(Data segment begins)
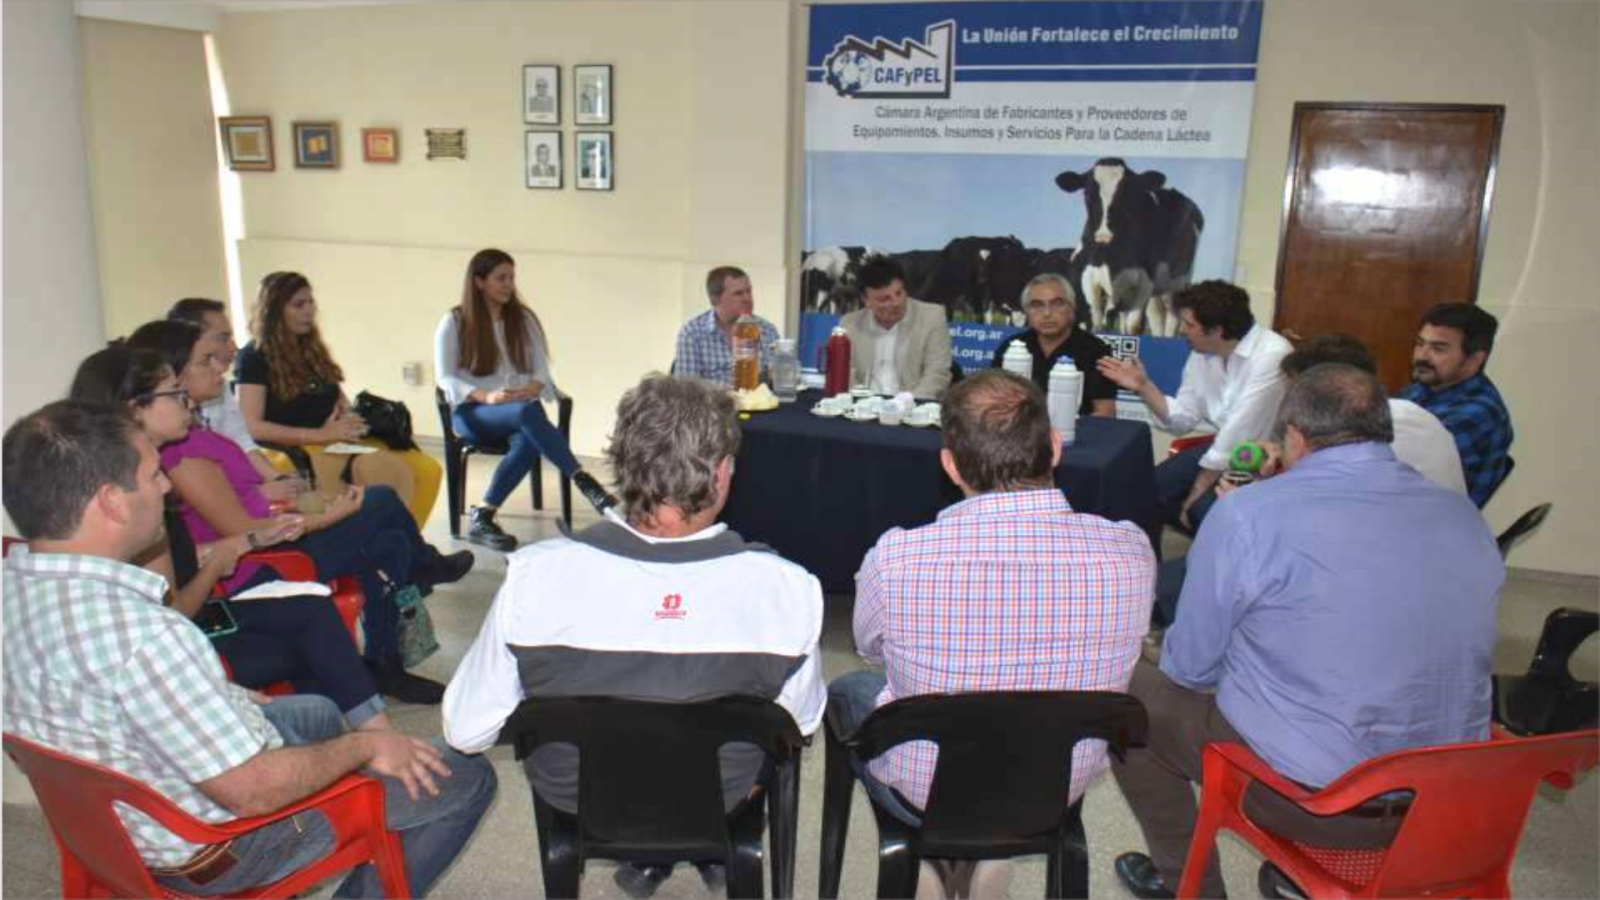 Visita de contigente de Ecuador a la CAFyPEL
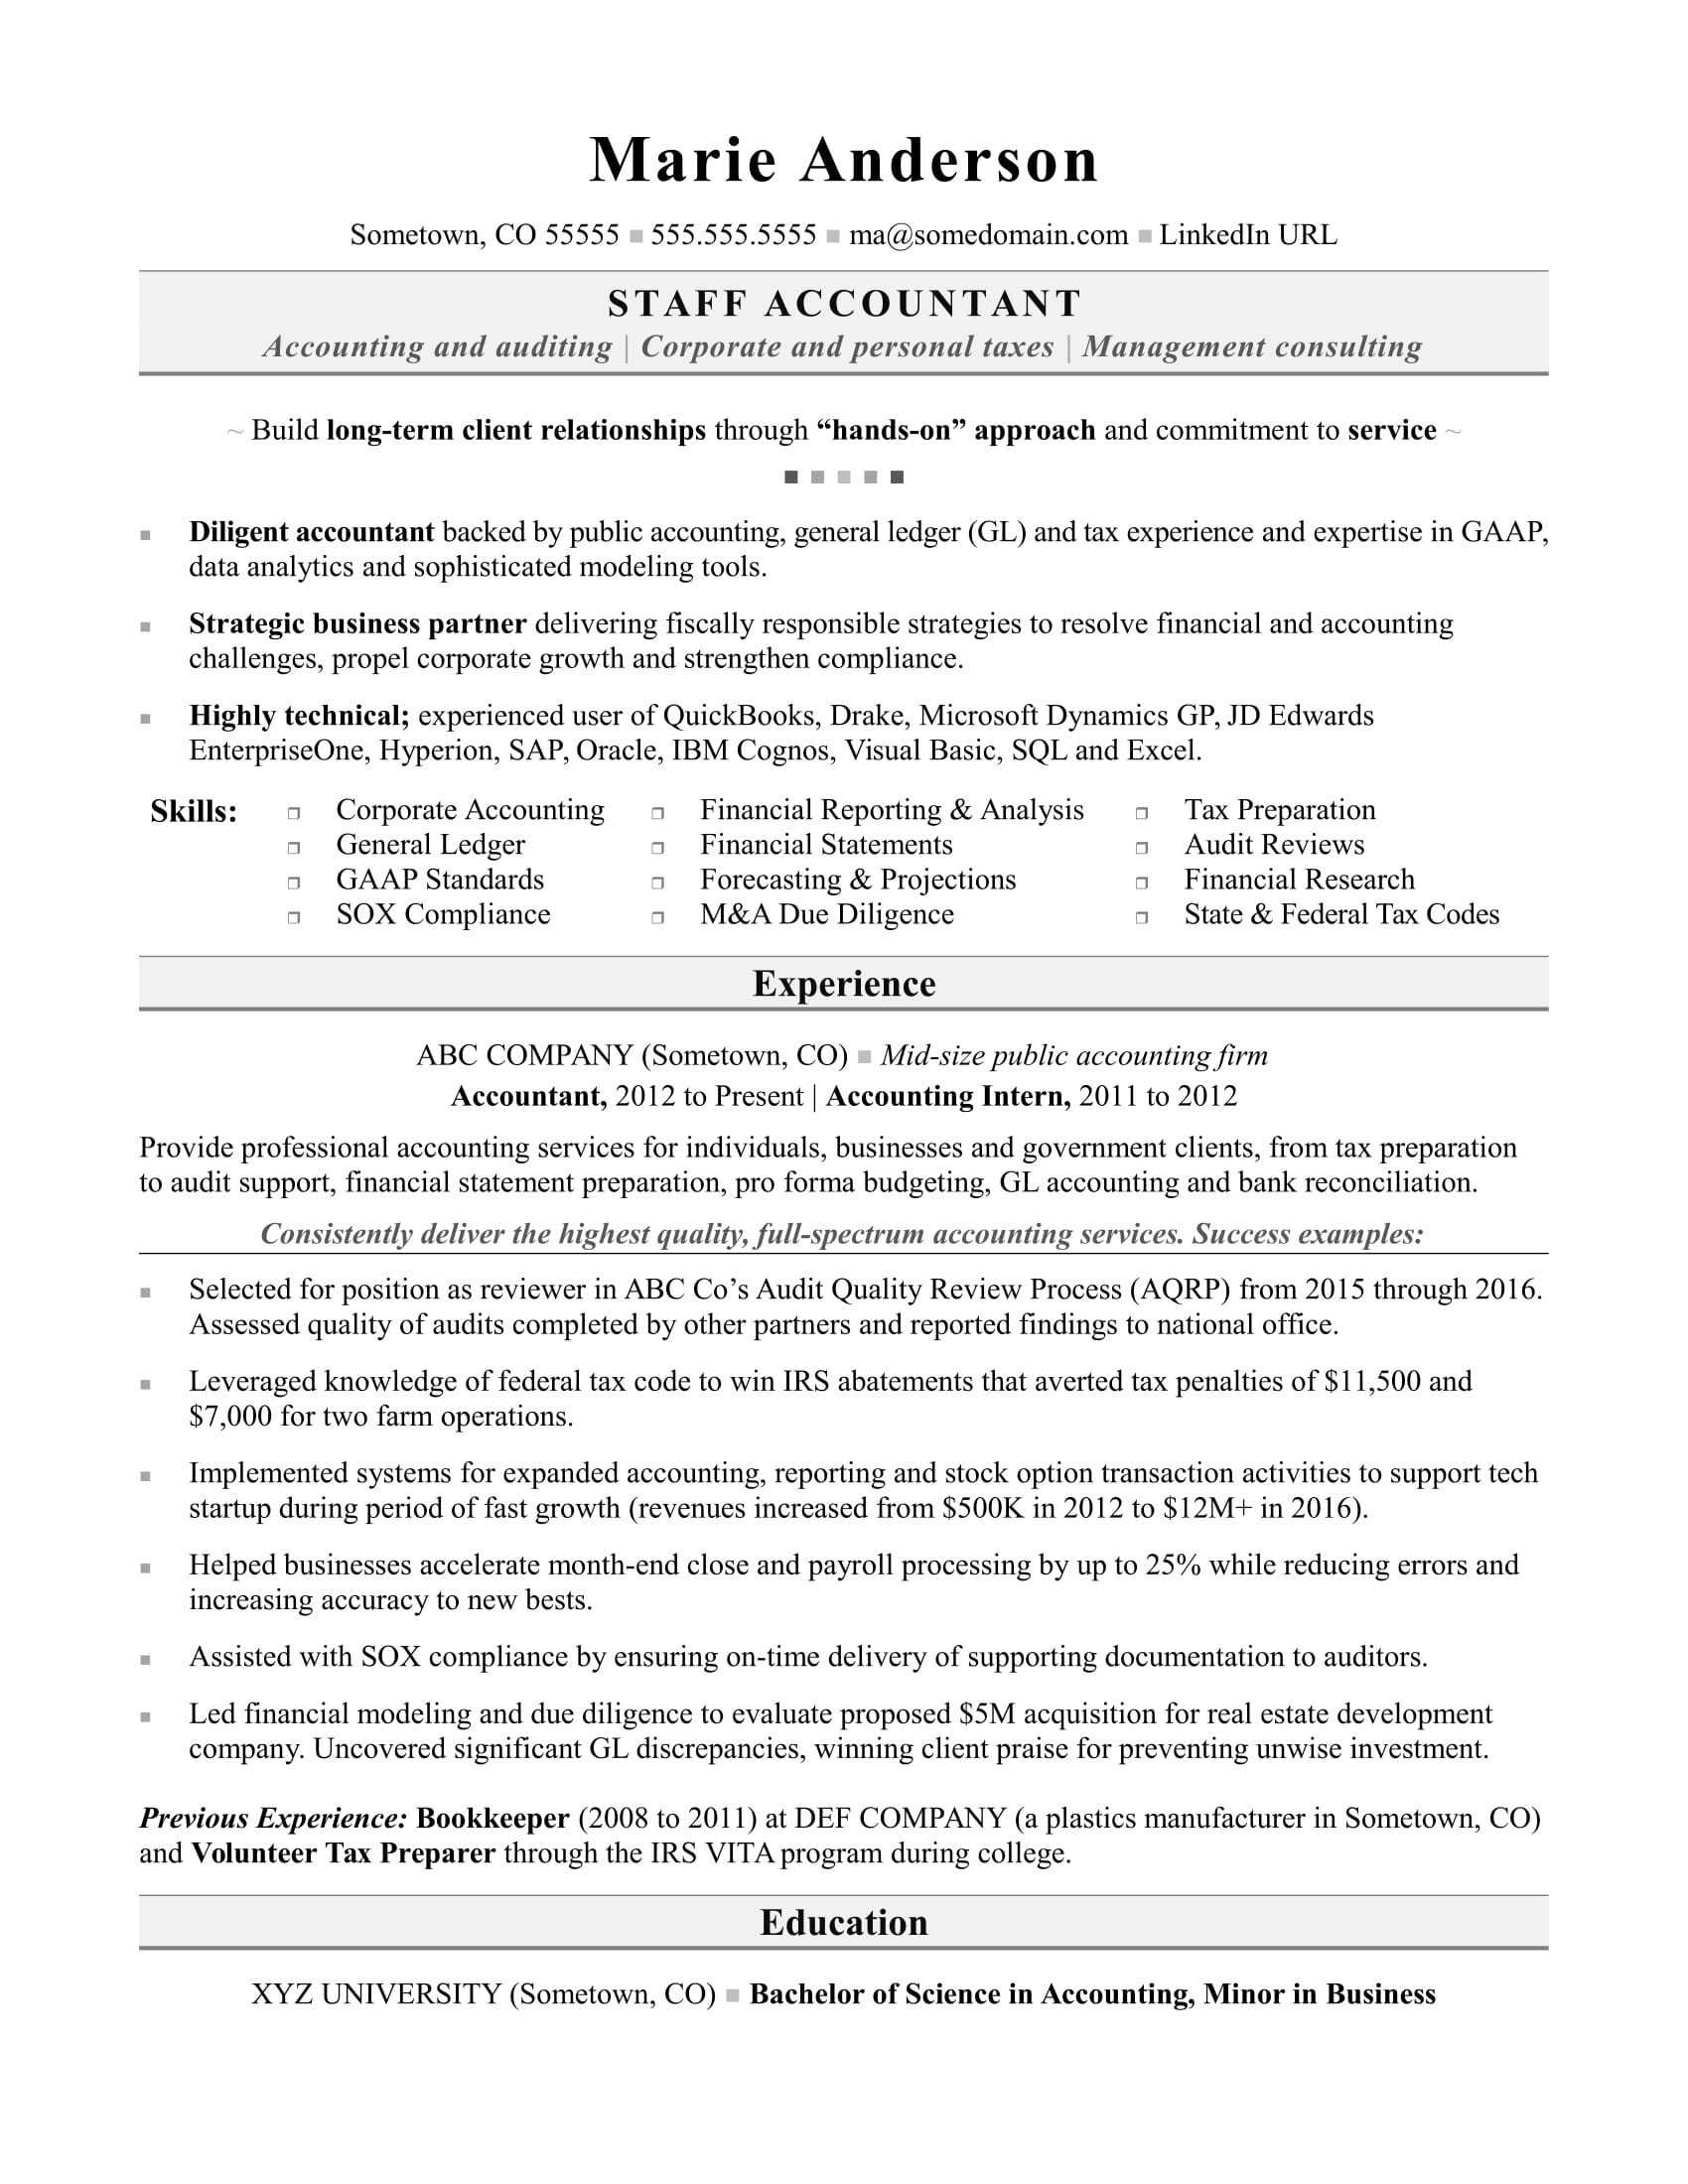 Sample Resume for Us Tax Preparer Accountant Resume Monster.com
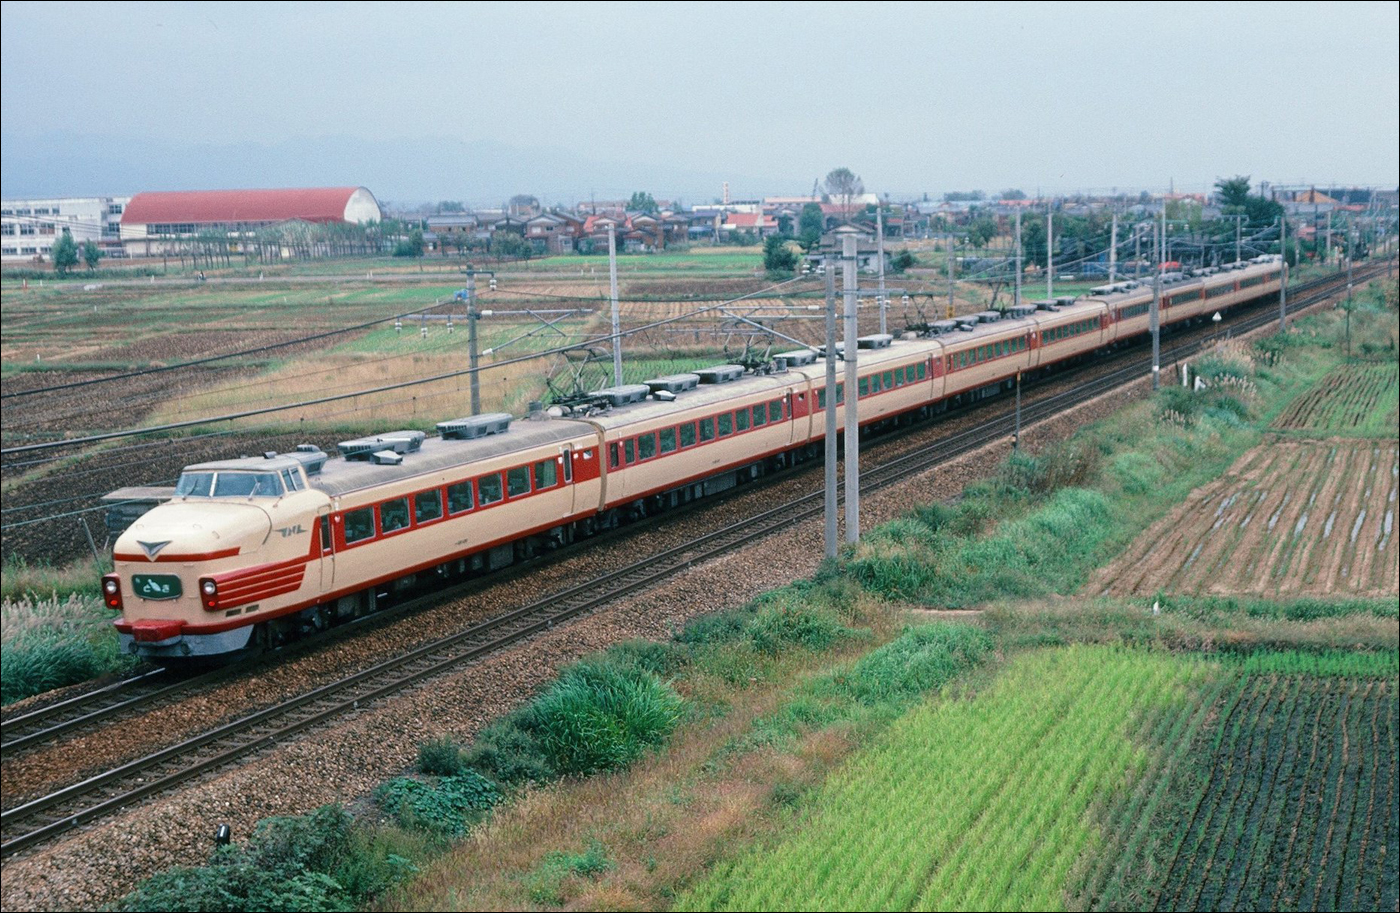 A 181-es sorozat egyik 100-as alsorozatú tagja még a Joetsu shinkansen átadása előtti Ueno - Niigata viszonylatú „Toki” gyorsvonatként Mitsuke és Obiori között 1982-ben. A shinkansenek előhírnökeként létrehozott 151/161/181-es sorozattal egészen 1982-ig utazhatott az érdeklődő, ám kialakításuknál fogva alkalmatlanok voltak a jövőbeni fejlesztésekhez. (Fotó: Maeda Tsutsumu)
(Data segment ends)
**Directions**
Write out the material above again, word for word, minus its pictures.

**Exercise solution**
 Visita de contigente de Ecuador a la CAFyPEL
 Sample Resume for Us Tax Preparer Accountant Resume Monster.com
 A 181-es sorozat egyik 100-as alsorozatú tagja még a Joetsu shinkansen átadása előtti Ueno - Niigata viszonylatú „Toki” gyorsvonatként Mitsuke és Obiori között 1982-ben. A shinkansenek előhírnökeként létrehozott 151/161/181-es sorozattal egészen 1982-ig utazhatott az érdeklődő, ám kialakításuknál fogva alkalmatlanok voltak a jövőbeni fejlesztésekhez. (Fotó: Maeda Tsutsumu)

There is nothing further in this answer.